Dépistage prénatal des troubles génétiques et des malformations

Le dépistage prénatal est proposé à la plupart des femmes enceintes dans les pays développés et à de nombreuses femmes dans les pays en développement. Six types d’investigation utilisés dans le dépistage et le diagnostic génétique doivent être mentionnés dans ce contexte :

L’amniocentèse consiste à prélever un échantillon du liquide entourant le fœtus. Elle est généralement réalisée à environ 16 semaines de gestation et permet l’analyse génétique chromosomique et moléculaire de cellules cultivées à partir du fluide. Elle peut être effectuée dans le contexte d’un risque élevé de maladie génétique chez un couple ou dans le cadre d’un programme de dépistage visant à identifier (et à interrompre) les fœtus atteints du syndrome de Down. (L’amniocentèse peut entraîner un risque accru de fausse couche pendant la grossesse de <1% – environ 1 sur 100-150).

La CVS est un autre test invasif auquel est associé un risque légèrement plus élevé de fausse couche (environ 2% – 1 sur 50). Il implique le prélèvement d’un échantillon du placenta en développement et peut être réalisé après environ 11 semaines de gestation.

Le dépistage sérique maternel est réalisé à partir d’une prise de sang de la femme enceinte ; le niveau de substances particulières dans le sérum (notamment l’α-fœtoprotéine et la β-HCG) donne une certaine indication de la probabilité que le fœtus soit atteint du syndrome de Down, et ceci est interprété avec le risque de syndrome de Down dépendant de l’âge pour donner une probabilité combinée. Les femmes dont la grossesse présente une probabilité de syndrome de Down supérieure à 1 sur 250 à 1 sur 200 se voient alors généralement proposer une amniocentèse comme test de diagnostic.

La mesure de la clarté nucale au premier trimestre par échographie est capable, notamment en association avec le dépistage sérique, d’identifier une forte proportion de fœtus présentant des aneuploïdies chromosomiques, notamment le syndrome de Down.

L’échographie fœtale d’anomalie est fréquemment réalisée à 18-20 semaines de gestation. Ces échographies sont très efficaces pour identifier les anomalies structurelles telles que le spina bifida et les anomalies cardiaques congénitales.

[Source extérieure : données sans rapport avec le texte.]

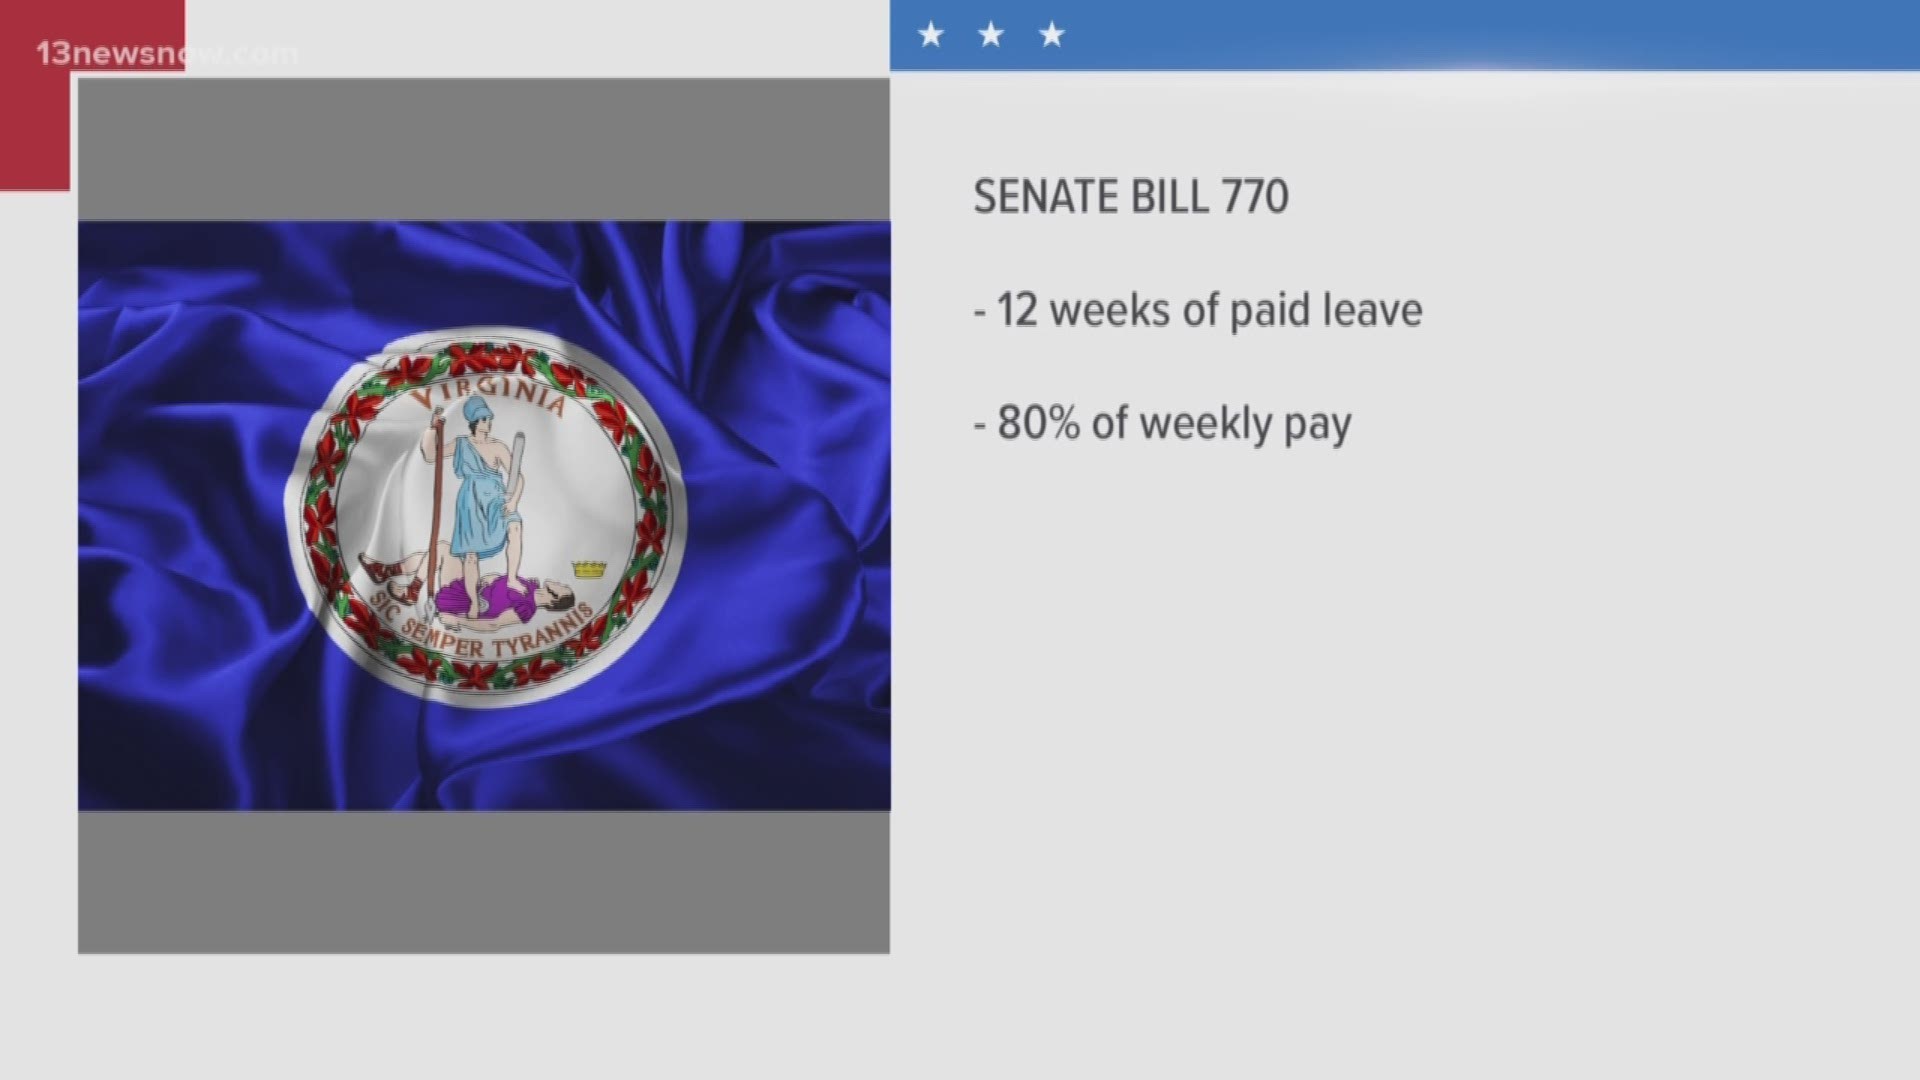 13News Now Angelo Vargas has more on a bill that would make 12 weeks of paid leave a reality in Virginia. However, it still has a long way to go in the statehouse.

Les échographies réalisées plus tôt dans la grossesse permettent également d’identifier de nombreuses grossesses présentant des anomalies chromosomiques mais sont moins sensibles.

De nouvelles techniques de dépistage prénatal en cours de développement utilisent l’ADN fœtal libre présent dans le sérum maternel dès le début de la grossesse. Cela permet la détection précoce et non invasive d’allèles fœtaux d’origine paternelle et peut donc être utilisé pour le sexage du fœtus (des séquences du chromosome Y sont-elles présentes ?), pour le génotypage Rhésus fœtal lorsque la mère est Rhésus négative, et pour la reconnaissance d’allèles de maladie d’origine paternelle pour les conditions dominantes et récessives. Des méthodes moléculaires permettant d’évaluer l’aneuploïdie soit par des polymorphismes, soit par un dosage relatif, sont en cours de développement pour permettre le diagnostic précoce non invasif du syndrome de Down et d’autres conditions.

Le développement de telles techniques non invasives sera clairement un grand avantage pour les familles à haut risque qui souhaitent un diagnostic prénatal pour des troubles génétiques graves. Cependant, ils peuvent avoir des conséquences moins positives pour certaines femmes qui préféreraient ne pas avoir de diagnostic prénatal du tout et qui refusent l’offre des tests invasifs actuels en raison des risques de fausse couche qui y sont associés. Ces femmes peuvent avoir plus de difficultés à résister à la pression du personnel, de la famille ou de la société et à refuser les tests à l’avenir.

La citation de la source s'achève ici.